2.2 Exponential chart


Let 
$$p$$
be a point of the manifold that we consider as a local reference and 
$$\vec{v}$$
a vector of the tangent space 
$$T_{p}\mathcal{M}$$
at that point. From the theory of second order differential equations, we know that there exists one and only one geodesic 
$$\gamma _{(p,\vec{v})}(t)$$
starting from that point with this tangent vector. This allows to wrap the tangent space onto the manifold, or equivalently to develop the manifold in the tangent space along the geodesics (think of rolling a sphere along its tangent plane at a given point), by mapping to each vector 
$$\vec{v} \in T_{p}\mathcal{M}$$
the point 
$$q$$
of the manifold that is reached after a unit time by the geodesic 
$$\gamma _{(p,\vec{v})}(t)$$
. This mapping 
$$\mbox{ Exp}_{p}(\vec{v}) =\gamma _{(p,\vec{v})}(1)$$
is called the exponential map at point 
$$p$$
. Straight lines going through 0 in the tangent space are transformed into geodesics going through point 
$$p$$
on the manifold and distances along these lines are conserved (Fig. 1).

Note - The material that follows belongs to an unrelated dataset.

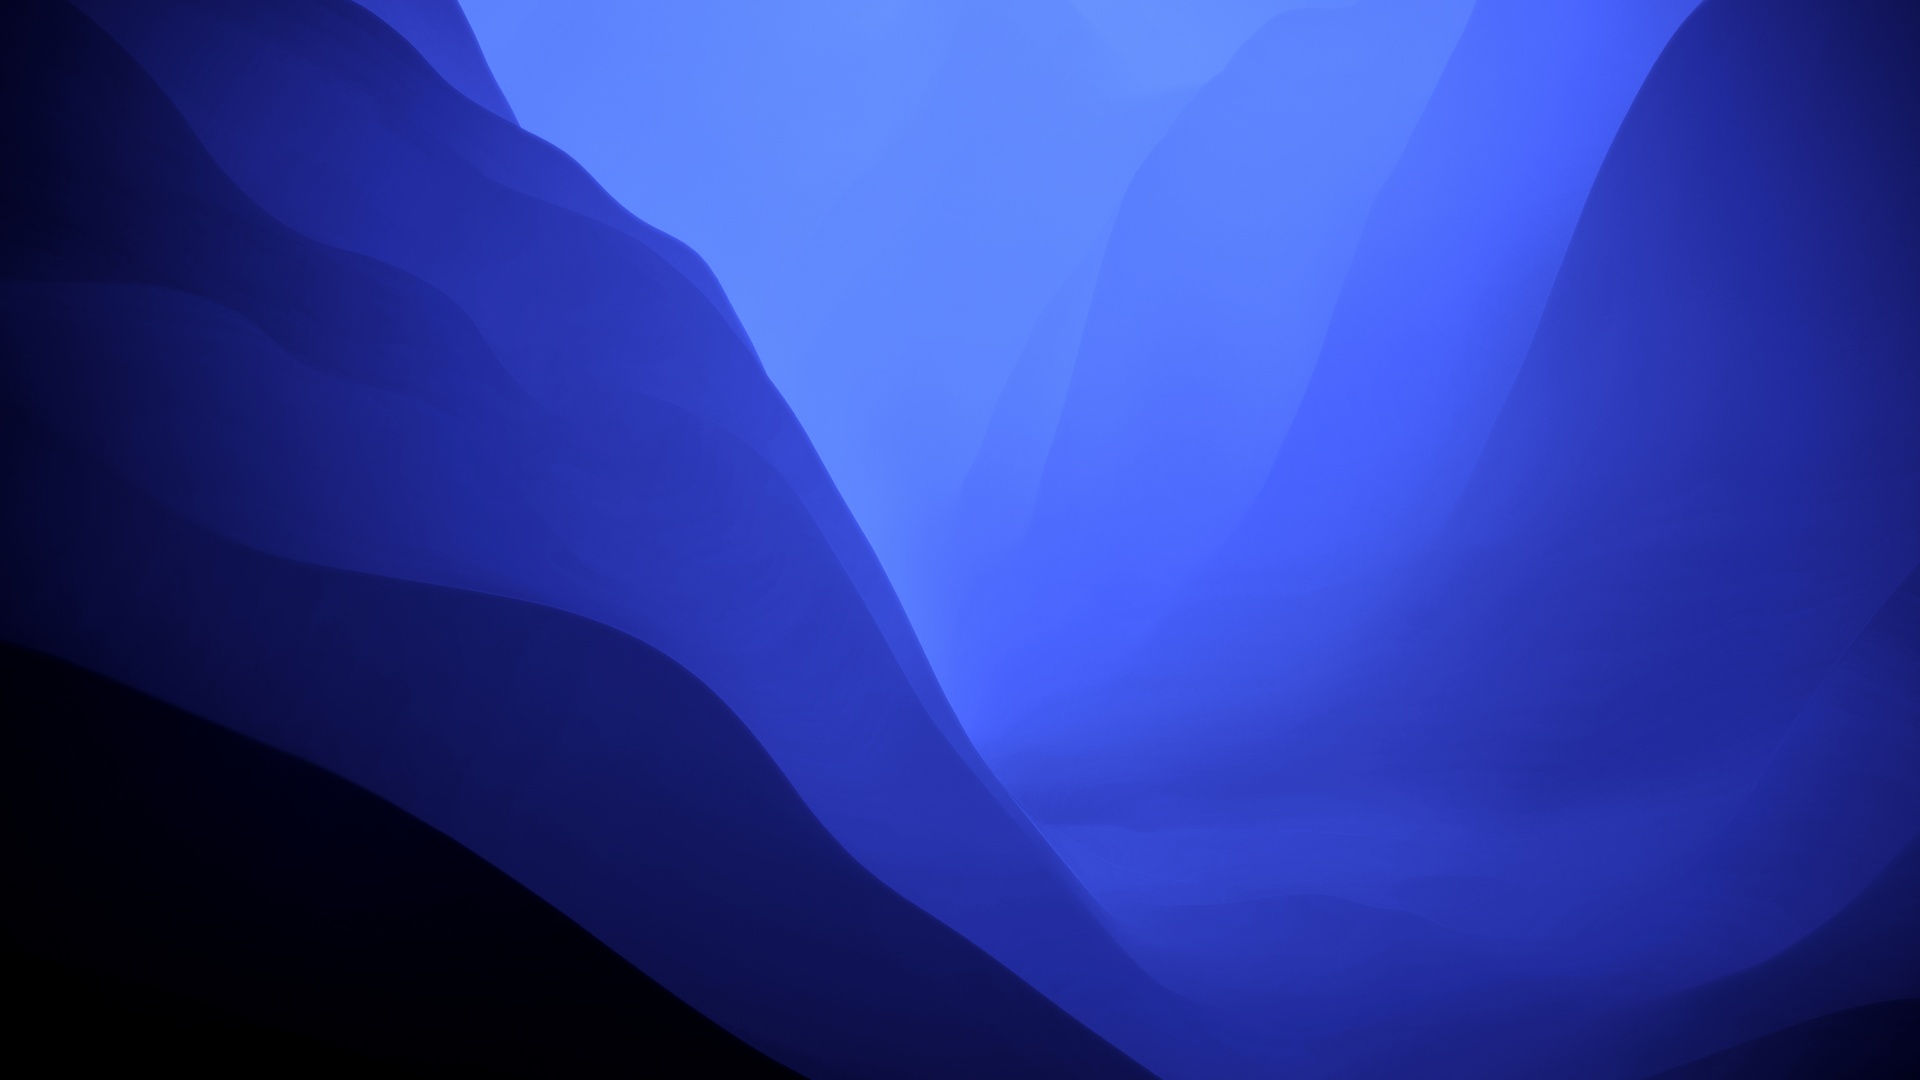 Khám phá hình nền macOS Monterey 4K tuyệt đẹp với chất lượng cao và màu sắc xanh dương đầy cuốn hút. Chế độ tối và Gradient #5895 sẽ mang lại cho bạn một trải nghiệm tuyệt vời trên màn hình của bạn! 
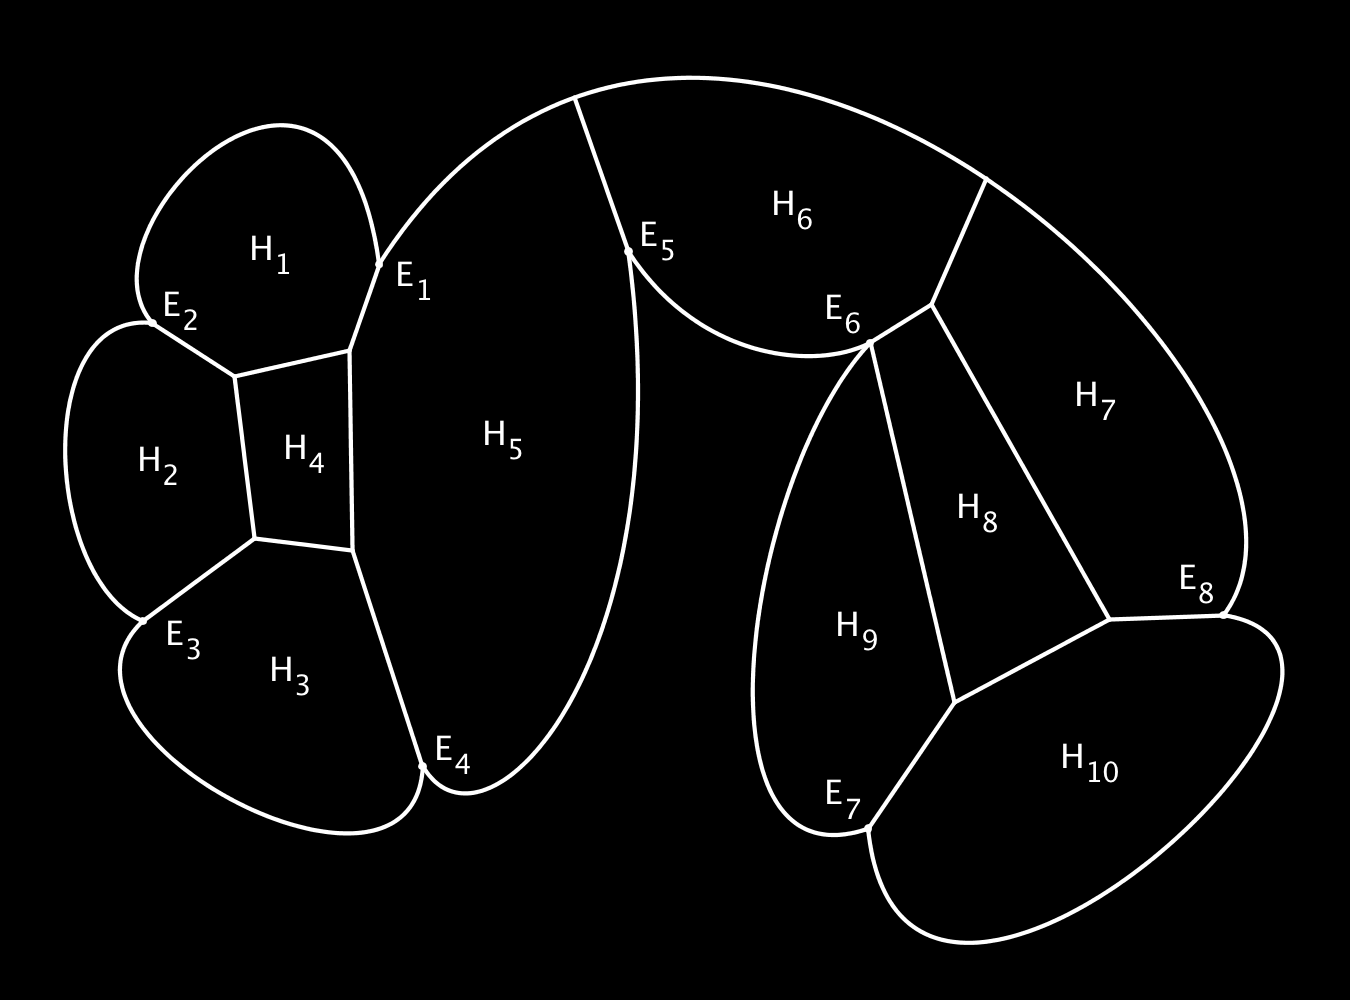 Legyen T i az i-edik és az azt követő csúcs közötti szakasz és a fenti módon hozzájuk megalkotott konvex görbe által közrezárt terület.

A151032_1_En_8_Fig1_HTML.gif


Fig. 1
Left: The tangent planes at points p and q of the sphere 
$$\mathcal{S}_{2}$$
are different: the vectors v and w of 
$$T_{p}\mathcal{M}$$
cannot be compared to the vectors 
$$t$$
and u of 
$$T_{q}\mathcal{M}$$
. Thus, it is natural to define the scalar product on each tangent plane. Right: The geodesics starting at 
$$x$$
are straight lines in the exponential map and the distance along them is conserved

The exponential map is defined in the whole tangent space 
$$T_{p}\mathcal{M}$$
(since the manifold is geodesically complete) but it is generally one-to-one only locally around 0 in the tangent space (i.e. around 
$$p$$
in the manifold). In the sequel, we denote by 
$$\overrightarrow{pq} = \mbox{ Log}_{p}(q)$$
the inverse of the exponential map: this is the smallest vector (in norm) such that 
$$q = \mbox{ Exp}_{p}(\overrightarrow{pq})$$
. If we look for the maximal definition domain, we find out that it is a star-shaped domain delimited by a continuous curve 
$$C_{p}$$
called the tangential cut-locus. The image of 
$$C_{p}$$
by the exponential map is the cut locus 
$$\mathcal{C}_{p}$$
of point 
$$p$$
. This is (the closure of) the set of points where several minimizing geodesics starting from 
$$p$$
meet. On the sphere 
$$\mathcal{S}_{2}(1)$$
for instance, the cut locus of a point 
$$p$$
is its antipodal point and the tangential cut locus is the circle of radius 
$$\pi$$
.

The exponential and log maps within this domain realize a chart (a local parameterization of the manifold) called the exponential chart at point 
$$p$$
. It covers all the manifold except the cut locus of the reference point 
$$p$$
, which has a null measure. In this chart, geodesics starting from 
$$p$$
are straight lines, and the distance from the reference point are conserved. This chart is somehow the “most linear” chart of the manifold with respect to the reference point 
$$p$$
. The set of all the exponential charts at each point of the manifold realize an atlas which allows working very easily on the manifold, as we will see in the following.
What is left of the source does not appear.